**Problem to solve**
Your job is to set down the stretch of entries that opens with the line containing "Frogg Toggs Wader" and closes with the line containing "Solar System Moving". Keep both end lines, copy each exactly, and add nothing.

**Given data**
+-------+
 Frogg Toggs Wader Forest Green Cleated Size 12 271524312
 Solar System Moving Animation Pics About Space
+-------+
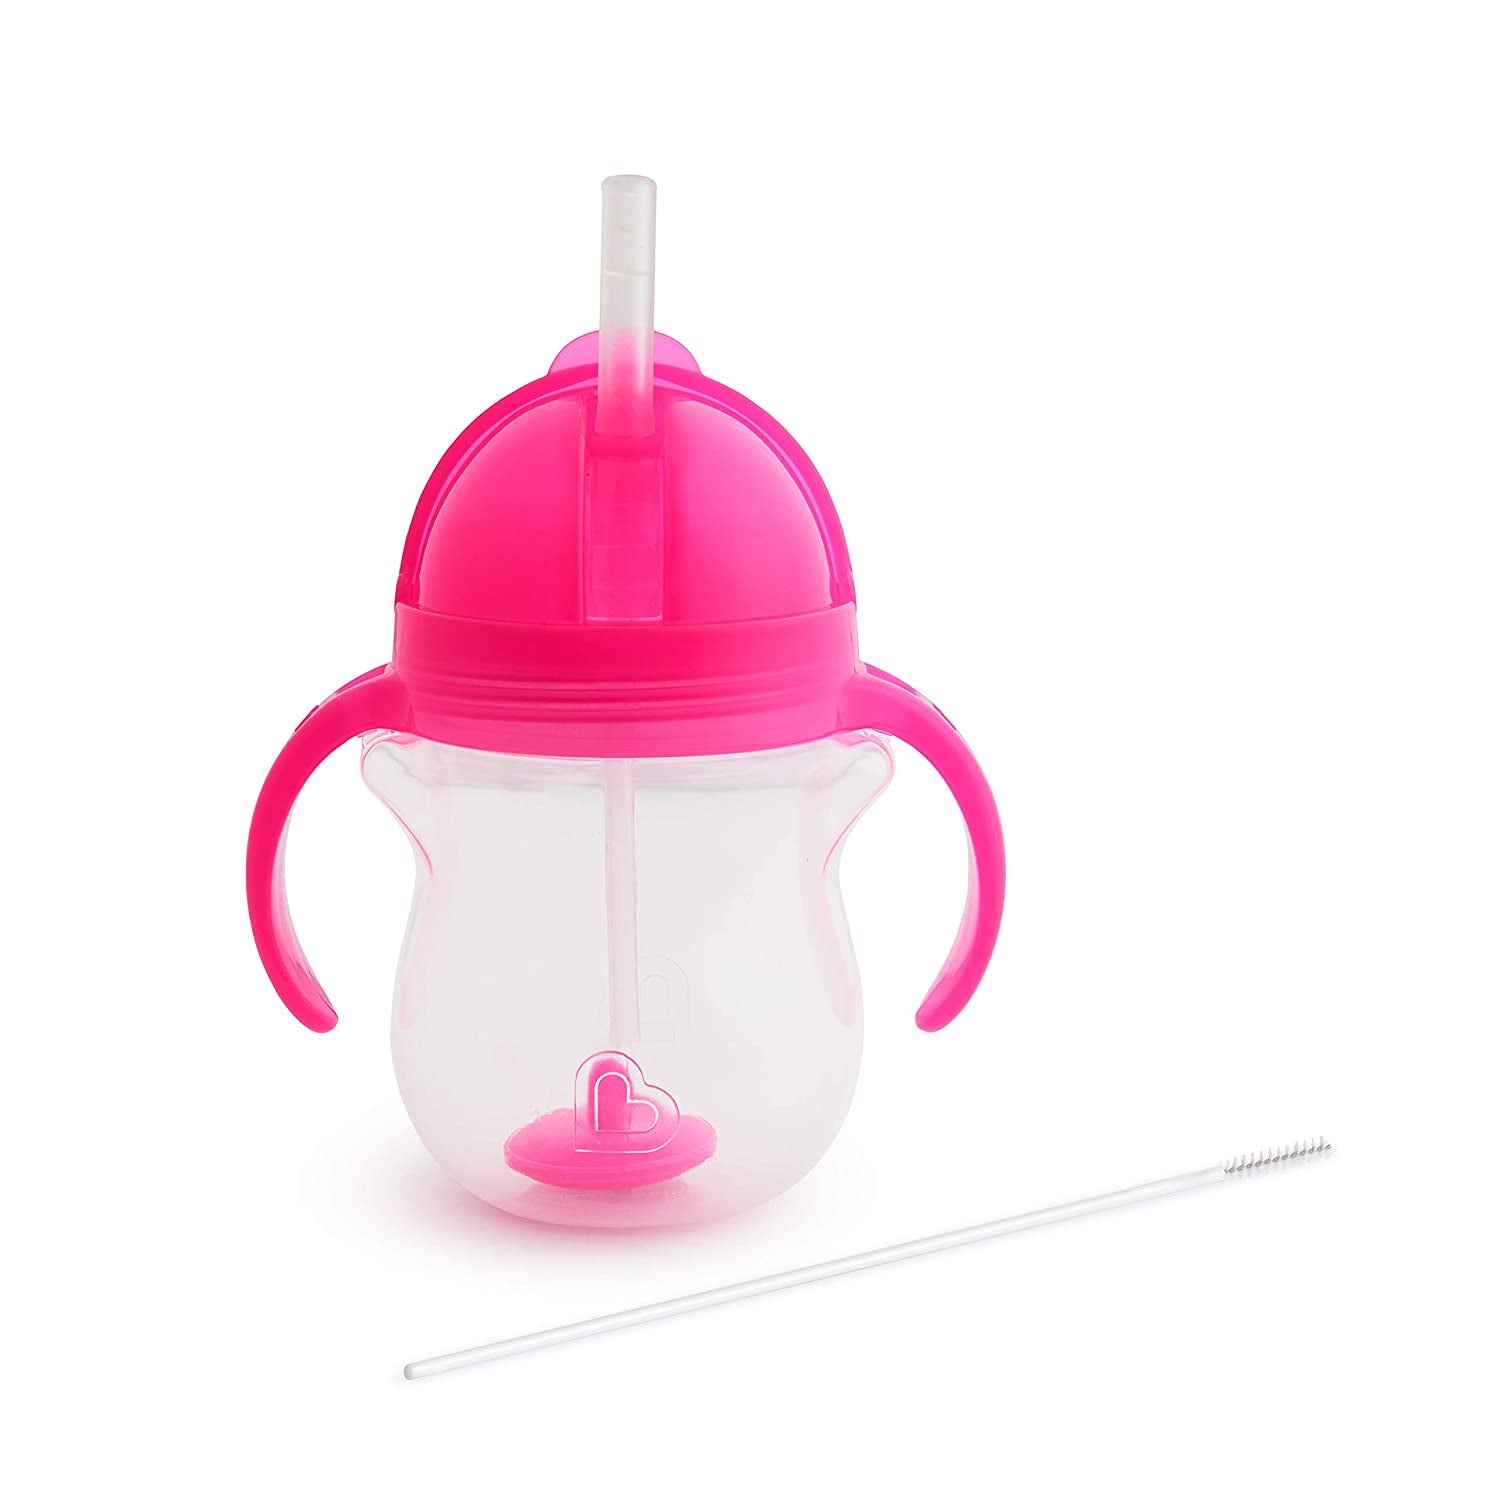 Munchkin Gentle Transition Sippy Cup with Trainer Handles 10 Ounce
+-------+
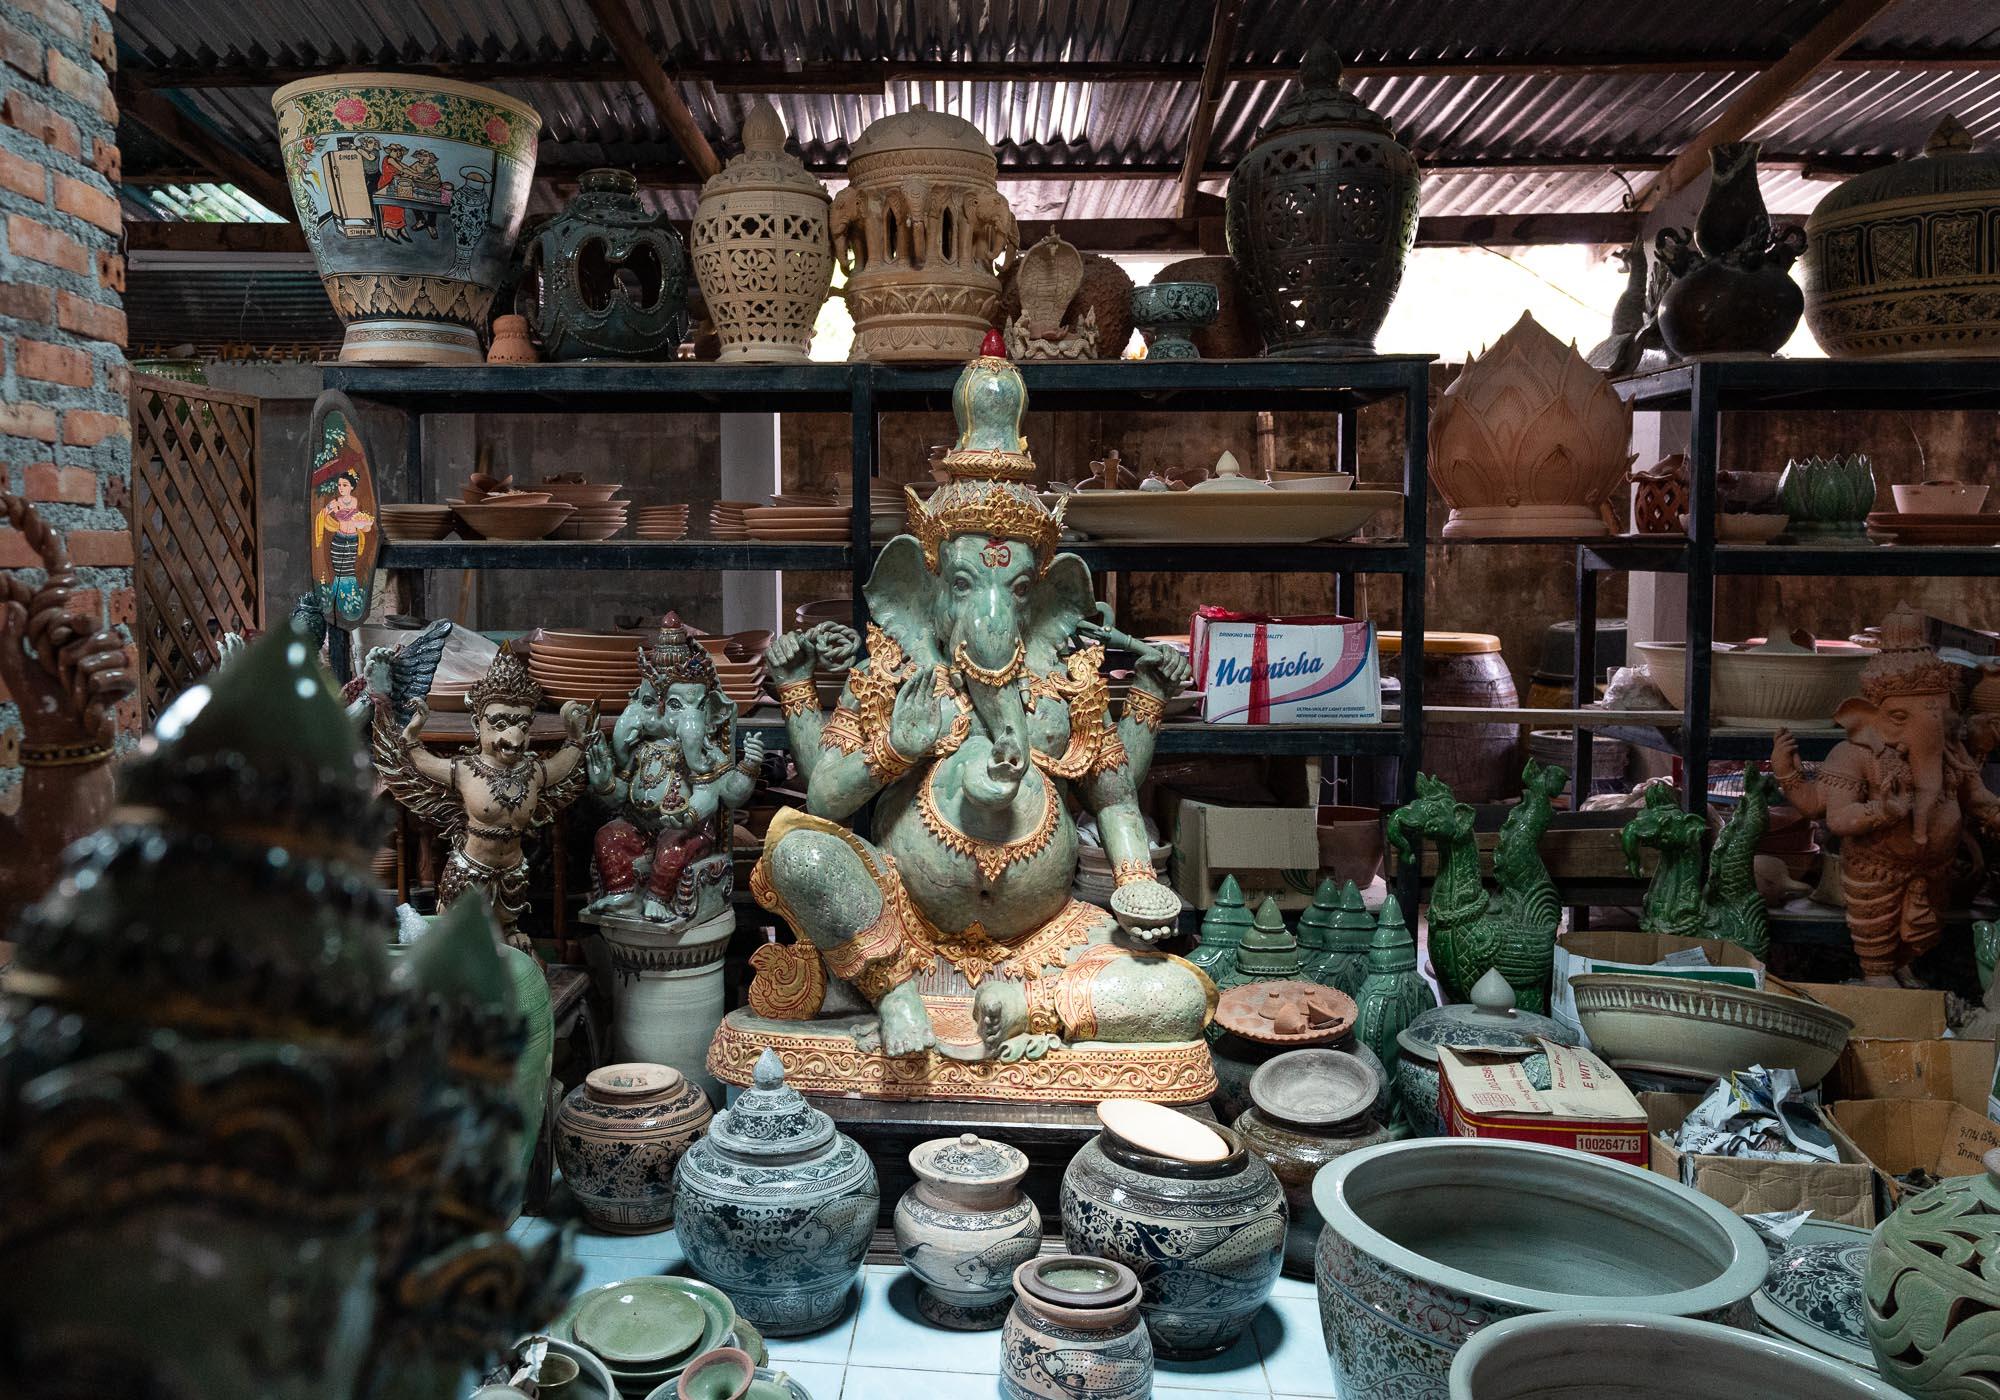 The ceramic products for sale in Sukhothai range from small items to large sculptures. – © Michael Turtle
+-------+
**Solution to the exercise**
 Frogg Toggs Wader Forest Green Cleated Size 12 271524312
 Solar System Moving Animation Pics About Space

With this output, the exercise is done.